Malgré la récente signature d’un accord de paix entre Kinshasa et Kigali, les exactions du M23 se poursuivent sur le terrain. La ministre congolaise des Droits humains, Chantal Chambu, a dénoncé mercredi 2 juillet dans un message publié sur son compte X ancien twitter,de graves violations des droits fondamentaux, pointant notamment l’arrestation de plus de 300 jeunes à Rubaya, dans le territoire de Masisi (Nord-Kivu), lors d’une opération menée le 28 juin par les rebelles. Ces jeunes, dont des adolescents, ont été emmenés vers une destination encore inconnue.

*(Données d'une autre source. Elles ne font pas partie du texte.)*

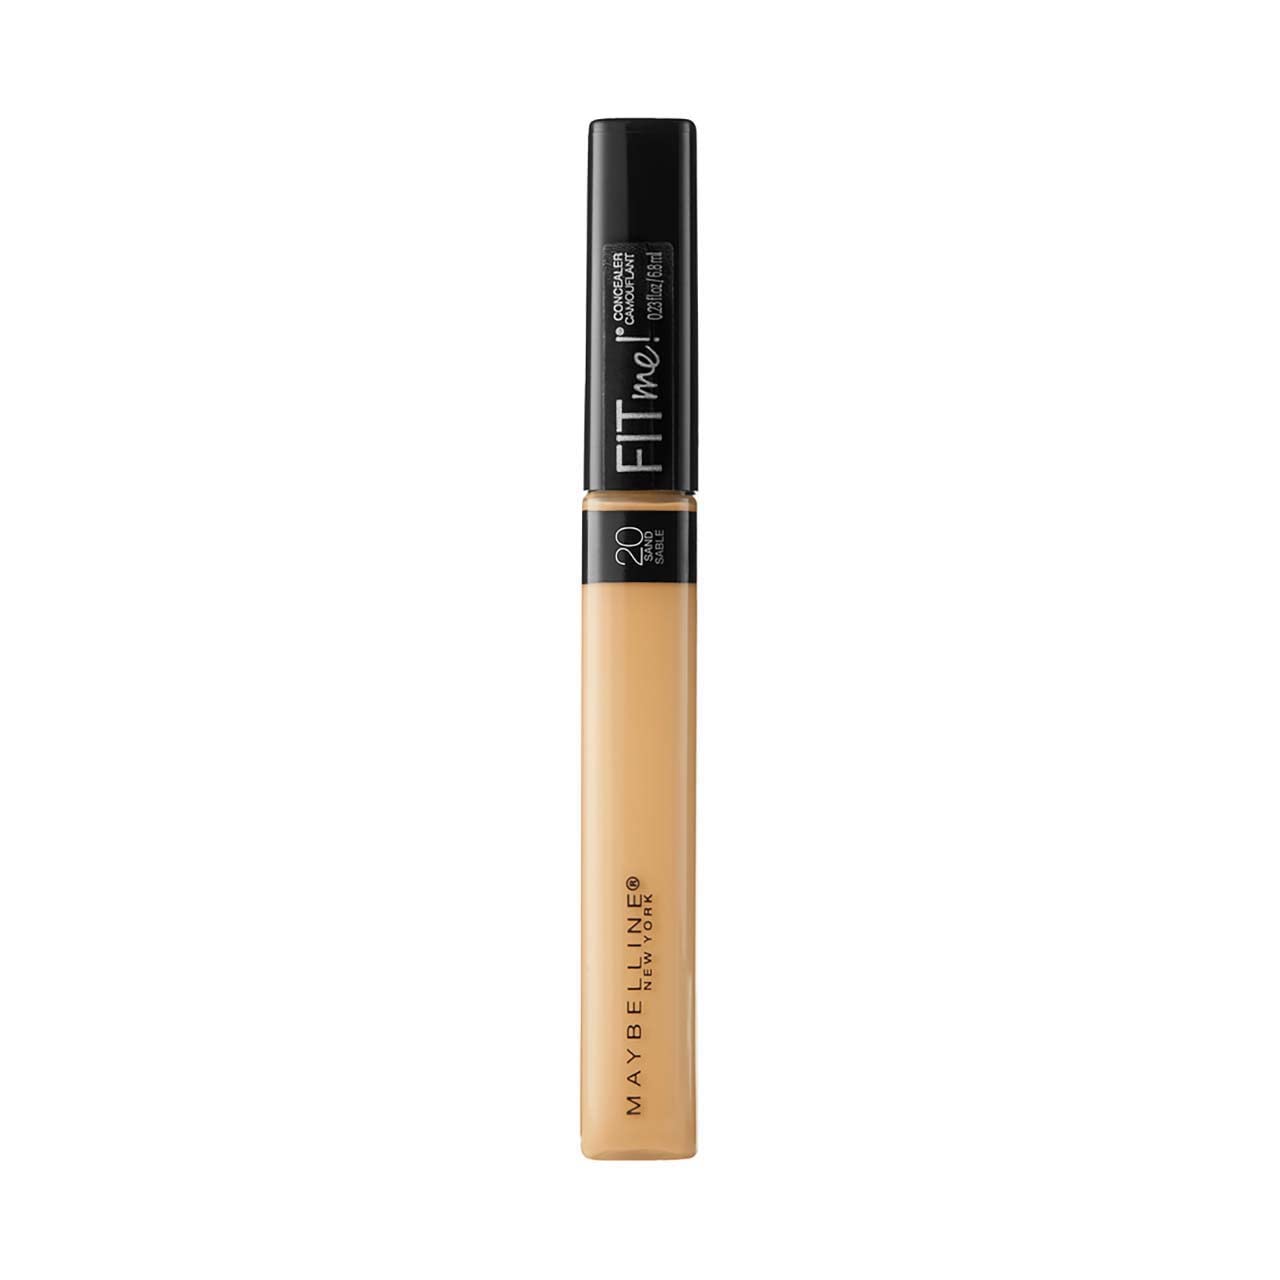 MAYBELLINE FIT ME FOUNDATION 110

D’autres cas similaires ont été signalés le même jour au Sud-Kivu : plus de 20 jeunes ont été enlevés dans le groupement de Lugendo, territoire de Kabare, selon les informations recueillies par le ministère. Les autorités congolaises dénoncent l’utilisation de ces captifs comme boucliers humains, ainsi que des actes d’intimidation et d’extorsion. « Les jeunes ainsi capturés sont extorqués, menacés, isolés de leurs familles et parfois utilisés comme boucliers humains, en violation flagrante du droit international humanitaire », a fustigé la ministre.
Face à cette situation alarmante, Chantal Chambu appelle à une enquête indépendante de la Commission des Nations unies aux droits de l’homme pour identifier et poursuivre les responsables de ces actes. « Nous condamnons fermement ces exactions », a-t-elle déclaré, réaffirmant la volonté du gouvernement de « protéger, restaurer et faire respecter la dignité, la sécurité et les droits de la population, particulièrement dans les zones en conflit ».